**YOUR OBJECTIVE**
Your answer must be an exact copy of the listing that follows, with all pictures omitted.

======== SOURCE MATERIAL

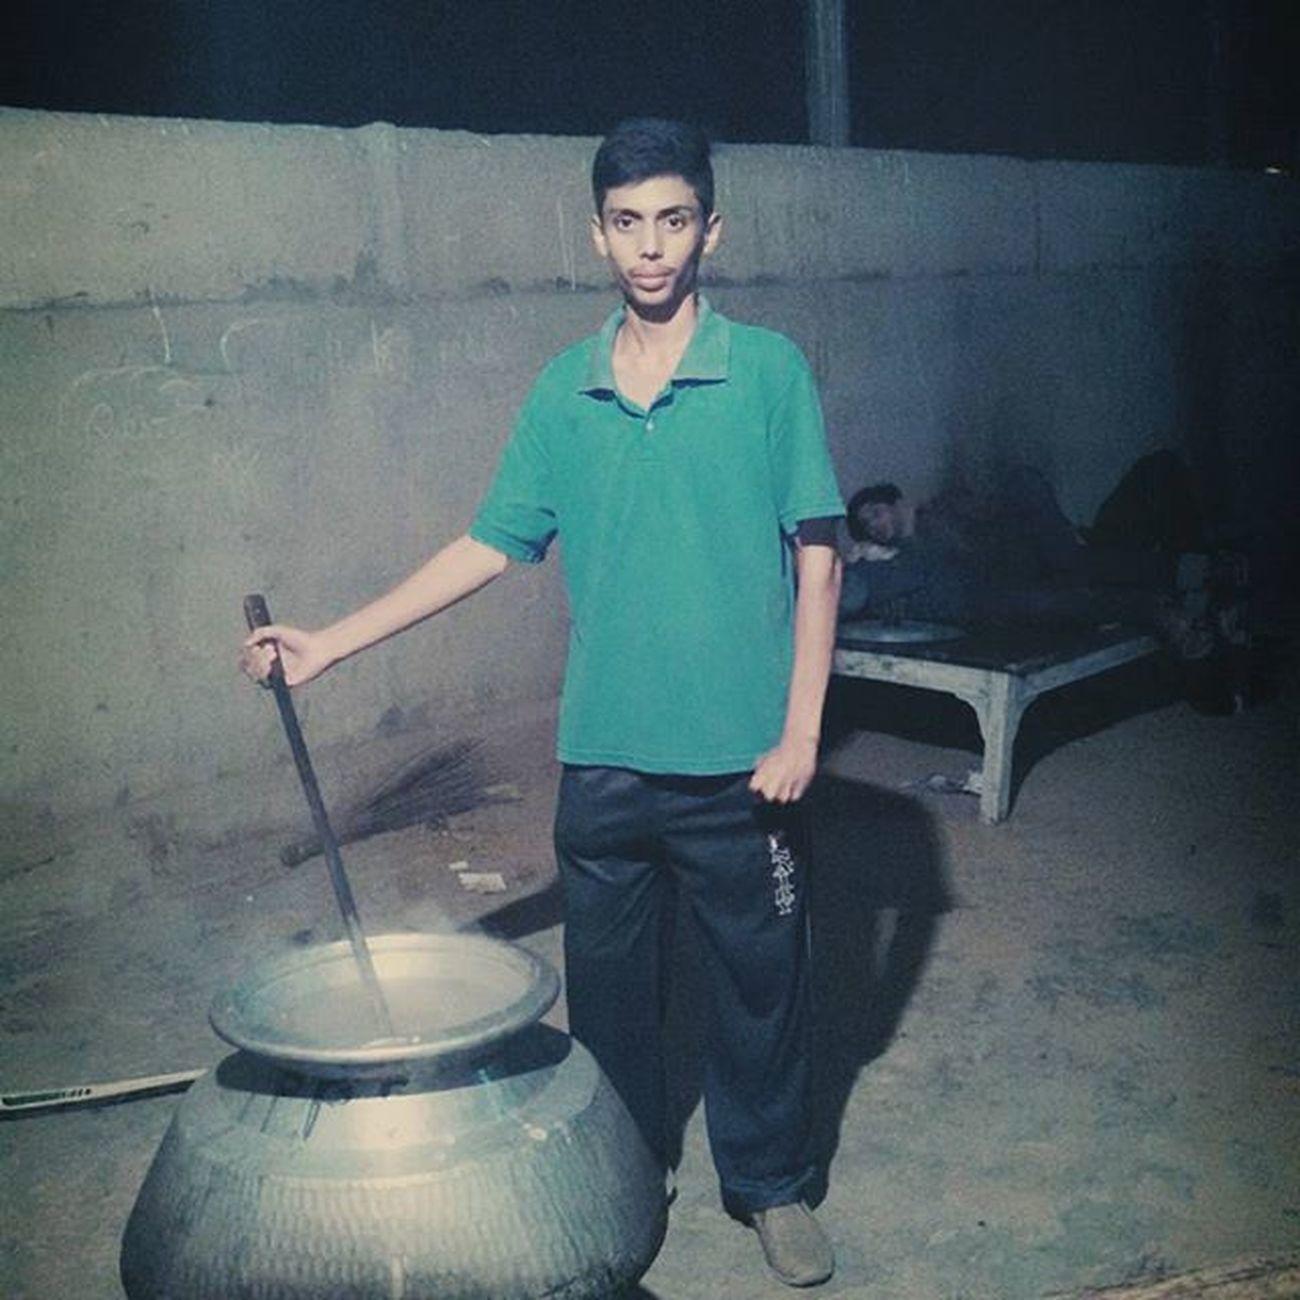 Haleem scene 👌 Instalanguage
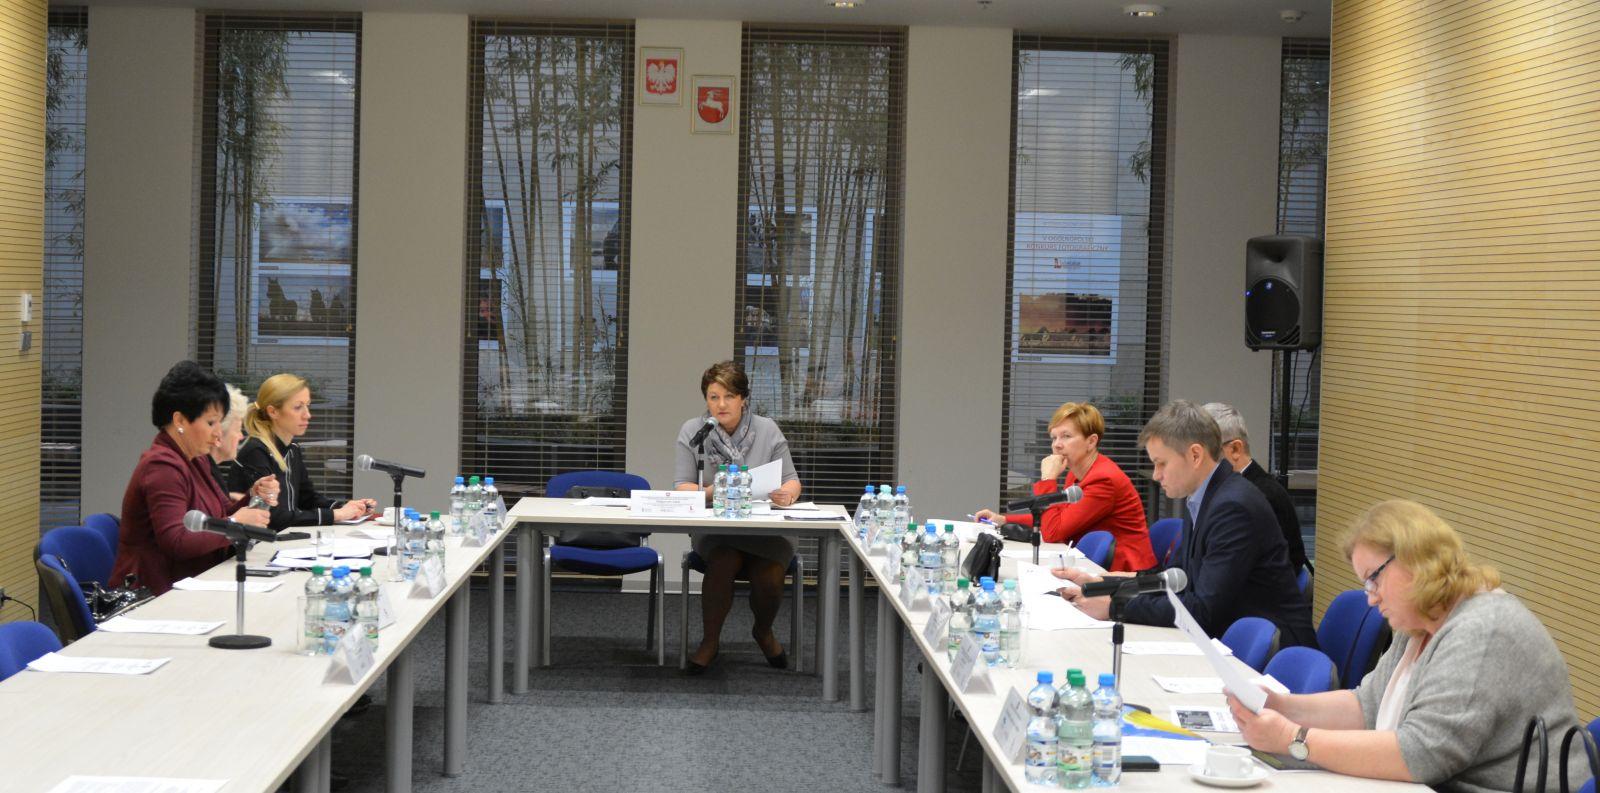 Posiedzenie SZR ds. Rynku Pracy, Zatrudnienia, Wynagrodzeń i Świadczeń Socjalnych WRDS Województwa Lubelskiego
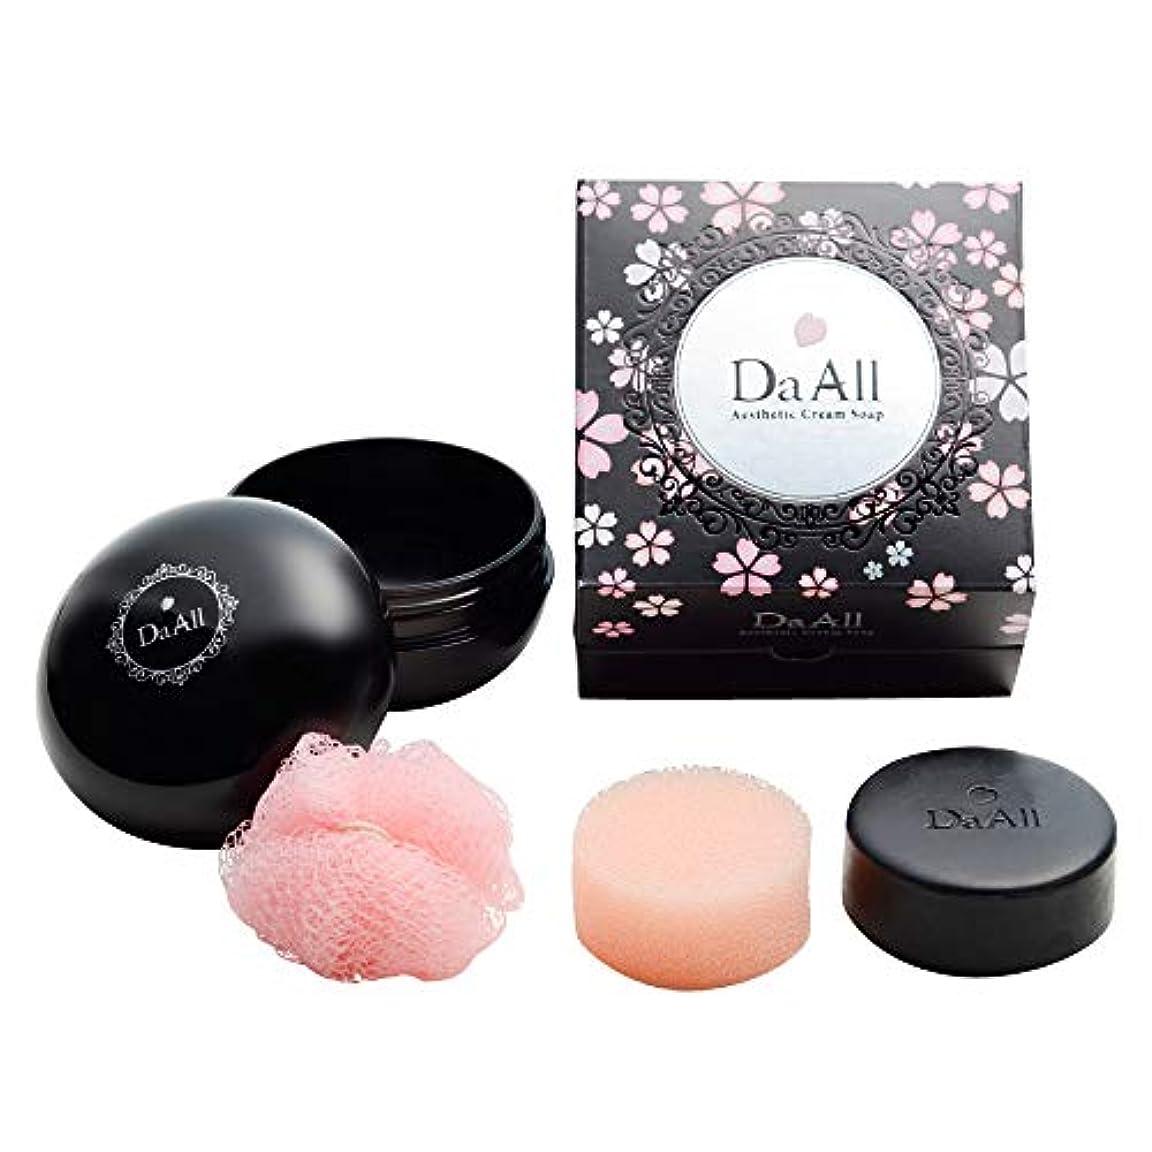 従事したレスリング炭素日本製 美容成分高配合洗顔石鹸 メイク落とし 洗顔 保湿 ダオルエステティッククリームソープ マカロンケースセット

================

**EXERCISE RESPONSE**
 Haleem scene 👌 Instalanguage
 Posiedzenie SZR ds. Rynku Pracy, Zatrudnienia, Wynagrodzeń i Świadczeń Socjalnych WRDS Województwa Lubelskiego
 従事したレスリング炭素日本製 美容成分高配合洗顔石鹸 メイク落とし 洗顔 保湿 ダオルエステティッククリームソープ マカロンケースセット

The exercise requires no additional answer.